# Fitting posterior on params of Multivariate normal given partially-missing data

I am trying to recover the parameters of a 5-dimensional `MultivariateNormal` distribution. The catch is that instead of being given samples drawn from that distribution, I am given samples where some of the components of each vector are “masked off”.

I.e. I can generate example data like this:

``````N_dim = 5
N_samples = 1_000
off_diag_corr = 0.25
p_observe = 0.5

mu = np.linspace(2.5, 4.5, N_dim)

corr = np.ones((N_dim, N_dim)) * off_diag_corr
corr[np.diag_indices(N_dim, 2)] = 1.0
vols = np.linspace(0.5, 1.5, N_dim)
covar = np.diag(vols).dot(corr).dot(np.diag(vols))

samples = np.random.multivariate_normal(mu, cov=covar, size=N_samples)
inclusions = np.random.binomial(1, p=p_observe, size=(N_samples, N_dim))

# put in some gibberish where we do *not* have inclusions in our data set
samples = np.where(inclusions, samples, 1e6)
``````

Basically I’m saying I get these `samples`, but I’m going to force myself to only “see” the portion of those samples where the corresponding `inclusions` flags are 1.
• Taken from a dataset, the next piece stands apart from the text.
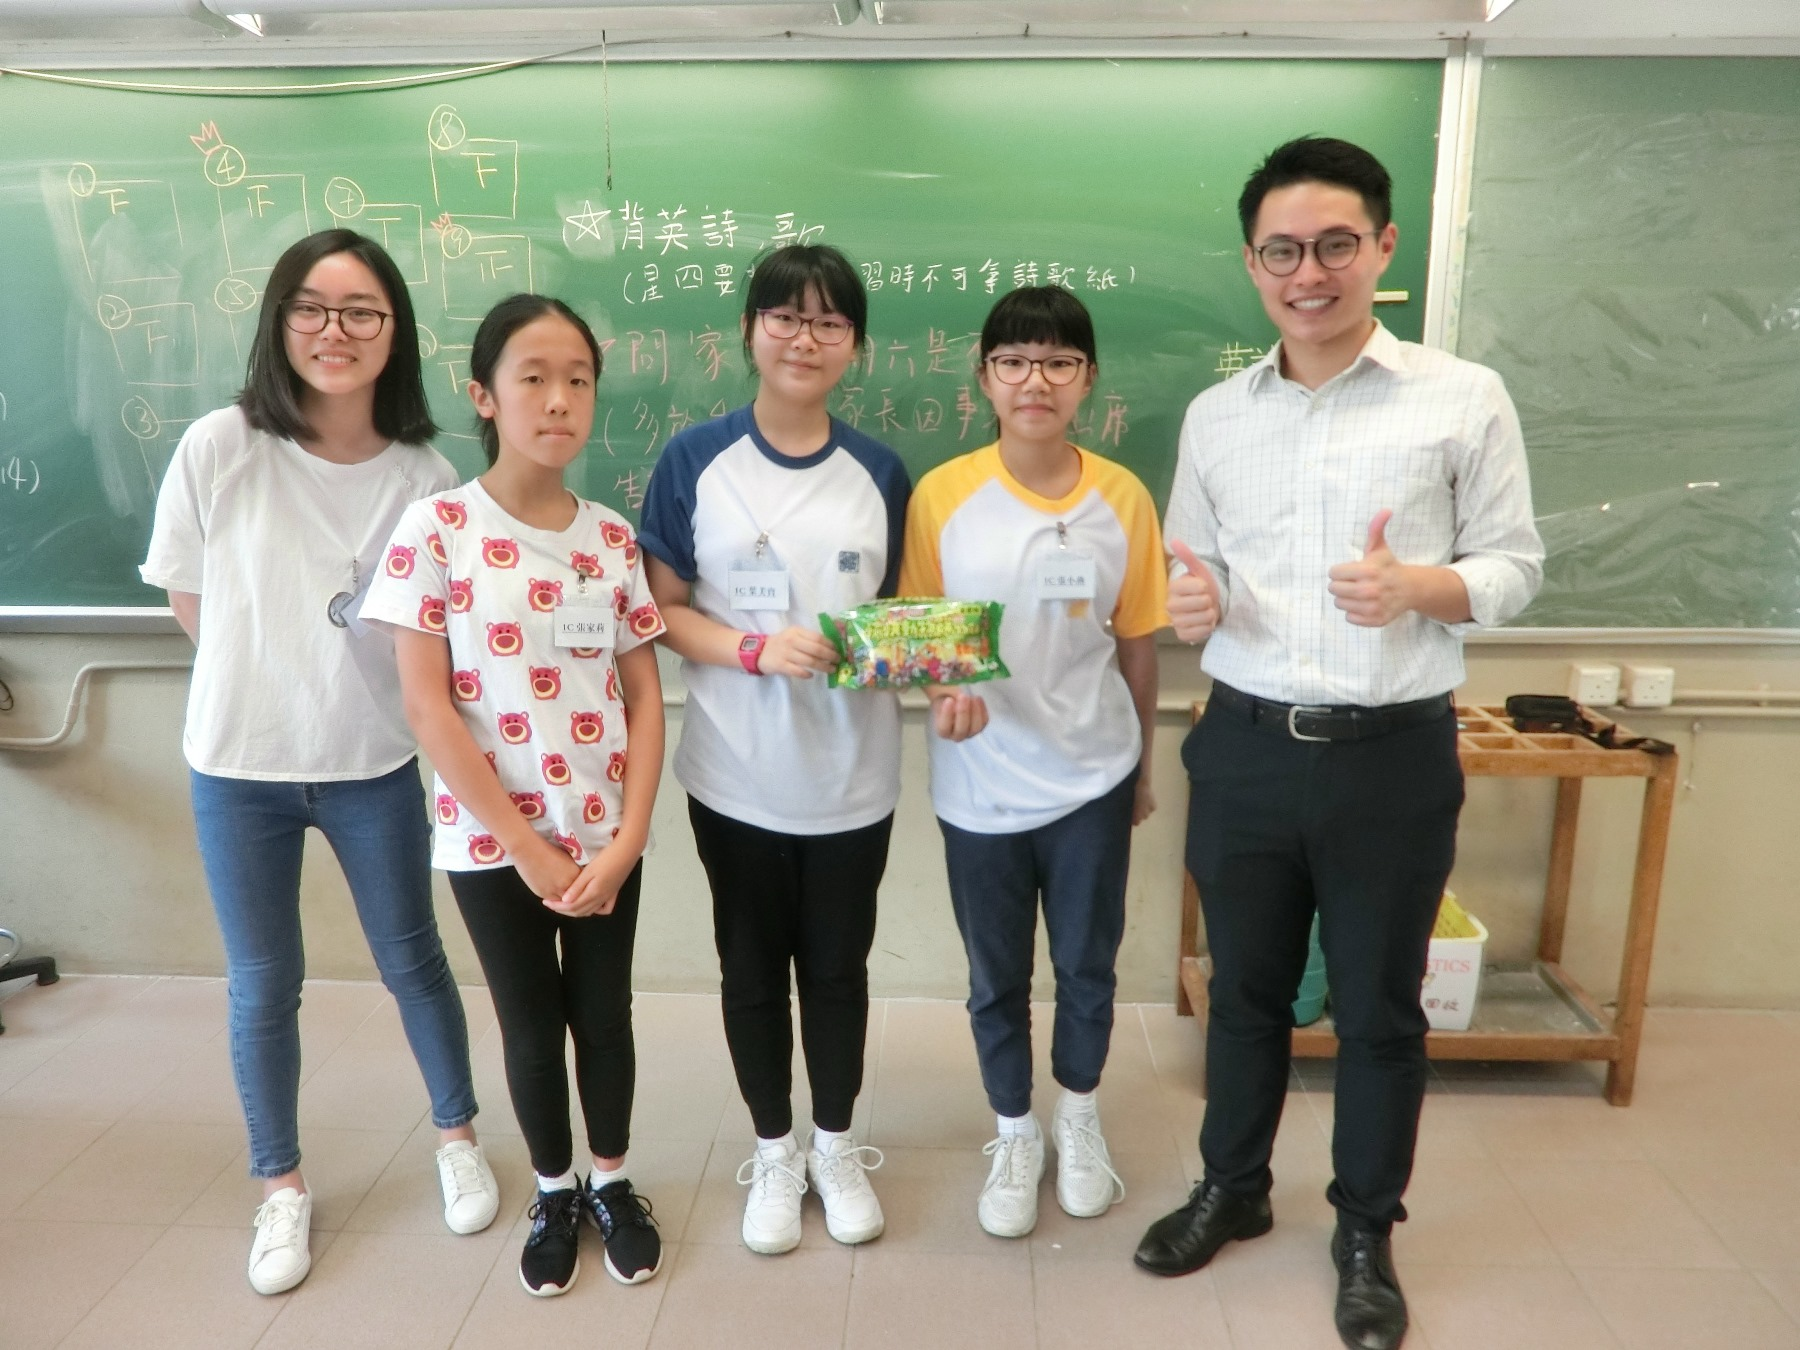 http://npc.edu.hk/sites/default/files/1c_dong_dong_nao_jin_da_bi_pin_05.jpg

My instinct was to do something like this:

``````def model(samples, inclusions):
with numpyro.plate('dim', samples.shape[1]):
mu = numpyro.sample('mu', dist.Normal(0, 15))
s = numpyro.sample('s', dist.HalfNormal(5))

correl_chol = numpyro.sample('correl_chol', dist.LJKCholesky(samples.shape[1], concentration=1.0))
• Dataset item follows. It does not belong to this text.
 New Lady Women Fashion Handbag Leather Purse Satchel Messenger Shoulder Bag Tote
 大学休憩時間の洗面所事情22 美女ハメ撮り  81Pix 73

with numpyro.plate('observations', samples.shape[0]):
samples_imputed = numpyro.sample('samples_imputed, dist.MultivariateNormal(mu, scale_tril=s[..., None] * correl_chol))
samples_merged = numpyro.deterministic('samples_merged', jnp.where(inclusions, samples, samples_imputed)
numpyro.sample('samples', numpyro.MultivariateNormal(mu, scale_tril=s[..., None] * correl_chol), obs=samples)
``````

This compiles, but runs horribly slowly even at the modest scale above. I’m a bit lost. Is this a reasonable approach conceptually? Is it reasonable computationally?
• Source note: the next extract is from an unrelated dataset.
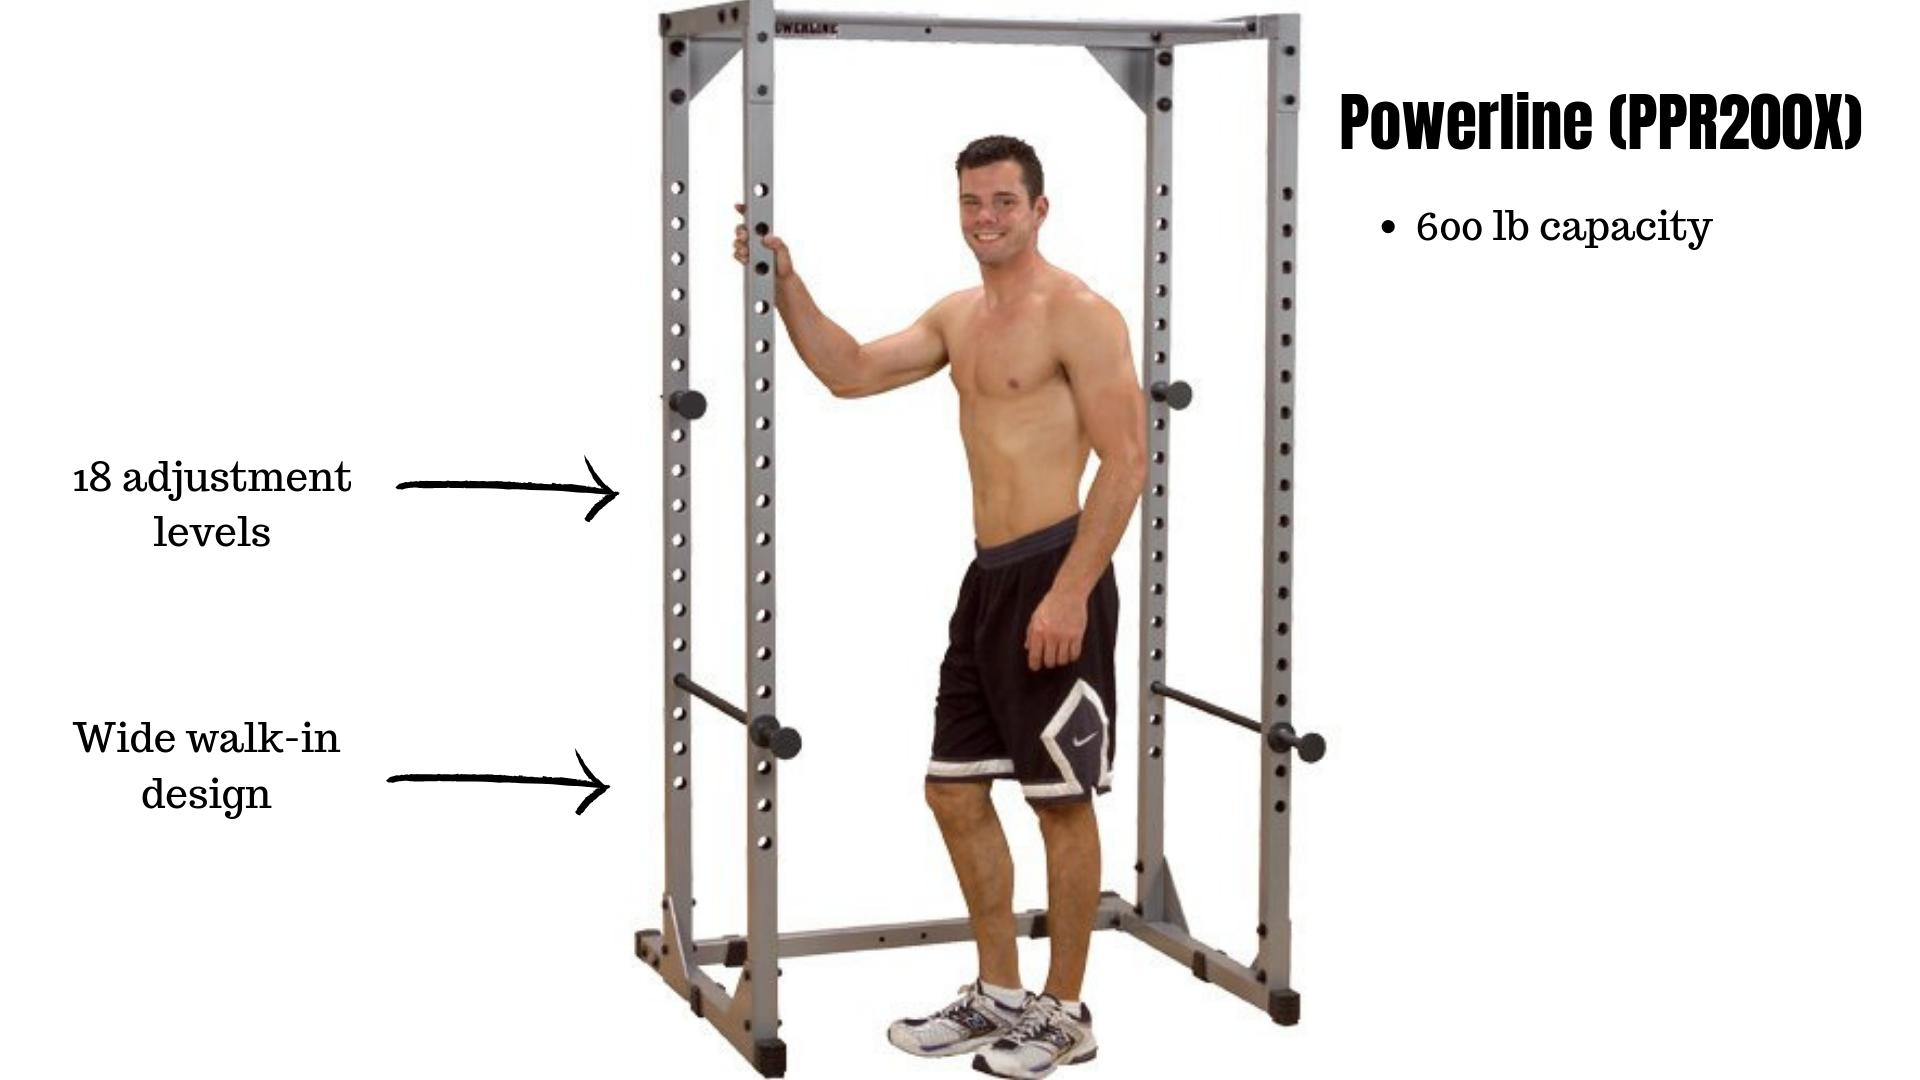 Body-Solid Powerline PPR200X

For inference, you might want to skip this `sample` statement.

I’m not sure I follow. Without that line, where will I get something to “fill in” for the missing values in the subsequent line?

You can remove that line too. Alternatively, you can do

``````def model(samples, inclusions=None):
...
with numpyro.plate('observations', samples.shape[0]):
if inclusions is not None:
samples_imputed = numpyro.sample('samples_imputed, dist.MultivariateNormal(mu, scale_tril=s[..., None] * correl_chol))
samples_merged = numpyro.deterministic('samples_merged', jnp.where(inclusions, samples, samples_imputed)
...
``````

and run MCMC/SVI with `inclusions=None`. After getting the posterior samples, you can run `Predictive` with some `inclusions`.